Pacquiao is the greatest ... period
At 8 a.m. Monday, just 33 hours removed from the most astounding victory of Manny Pacquiao’s career, Freddie Roach reports for his day job, tending to the fashionably ramshackle Wild Card gymnasium, where the world’s most famous trainer finds himself re-lacing a speed bag.
It was Pacquiao, he figures, who ruptured it while training for Antonio Margarito. The rubber bladders they put in these things aren’t what they used to be. Then again, Pacquiao did basically the same thing to Margarito he did to the bag.
What happened Saturday night at Cowboys Stadium is already the least appreciated feat in sports, unforgivably obscured by the voracious NFL news cycle. Now there are a few decent pro teams -- but not a single great one.
It’s not just football, either.
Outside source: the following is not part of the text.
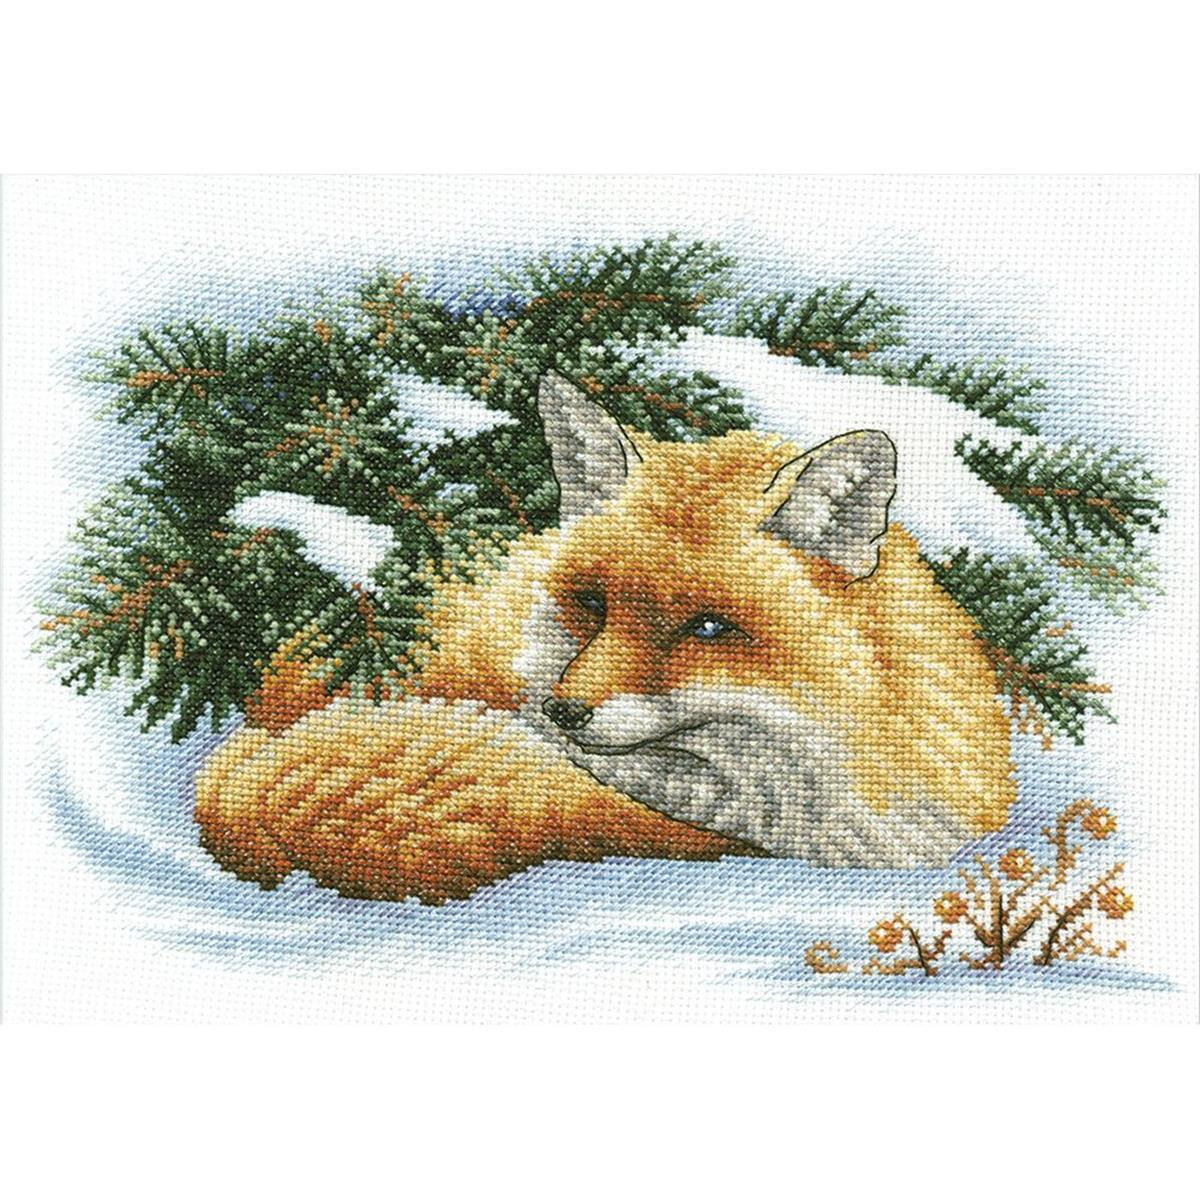 Panna counted cross stitch kit "Little Fox"...

There’s a conspicuous lack of greatness on the contemporary sports scene. The San Francisco Giants might’ve been a great story for a few weeks, but not a great team, not with Cody Ross batting cleanup. College football? You mean the sport where you need to cheat to be great? And don’t get me started on the BCS, which has done the impossible, making boxing’s sanctioning bodies look incorruptible by comparison.
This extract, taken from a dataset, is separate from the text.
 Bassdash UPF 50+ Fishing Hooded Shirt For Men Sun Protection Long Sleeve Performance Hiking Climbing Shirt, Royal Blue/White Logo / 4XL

So where are the great ones out there? Anyone remember Tiger Woods? Lance Armstrong? Brett Favre?
I’ll say this again: The other sports are mere metaphors for what boxing actually is. And even in the midst of its impossibly long and inexorable slide, boxing has again produced greatness, authentic and historic. There is no precedent for what Manny Pacquiao has now done, winning eight titles in eight weight classes.
“I don’t know,” says Roach, “maybe David and Goliath?”
Maybe. But David had distance and a slingshot.
Some context: Ten years ago, the New York State Athletic Commission sanctioned a welterweight bout between Arturo Gatti and Joey Gamache. Gamache was brutally knocked out in the second round, spent a couple of days in the hospital with a severe concussion, and never fought again. As Gatti entered the ring at 160 pounds – 14 more than Gamache – the commission was criticized for being negligent, even criminal. Still, the weight differential between Gatti and Gamache was less than what separated Pacquiao and Margarito – 147 to 164 – when they stepped into the ring. Oh, and by the way, Pacquiao was also giving away 6 inches in both height and reach.
There’s nothing to compare this to outside of boxing. After all, in most sports, rules exist to even the playing field.
“You won’t see anything like this again,” says Roach. “Ever.”
You won’t see non-heavyweights engaged in such an obvious, plain-to-the-eye size disparity.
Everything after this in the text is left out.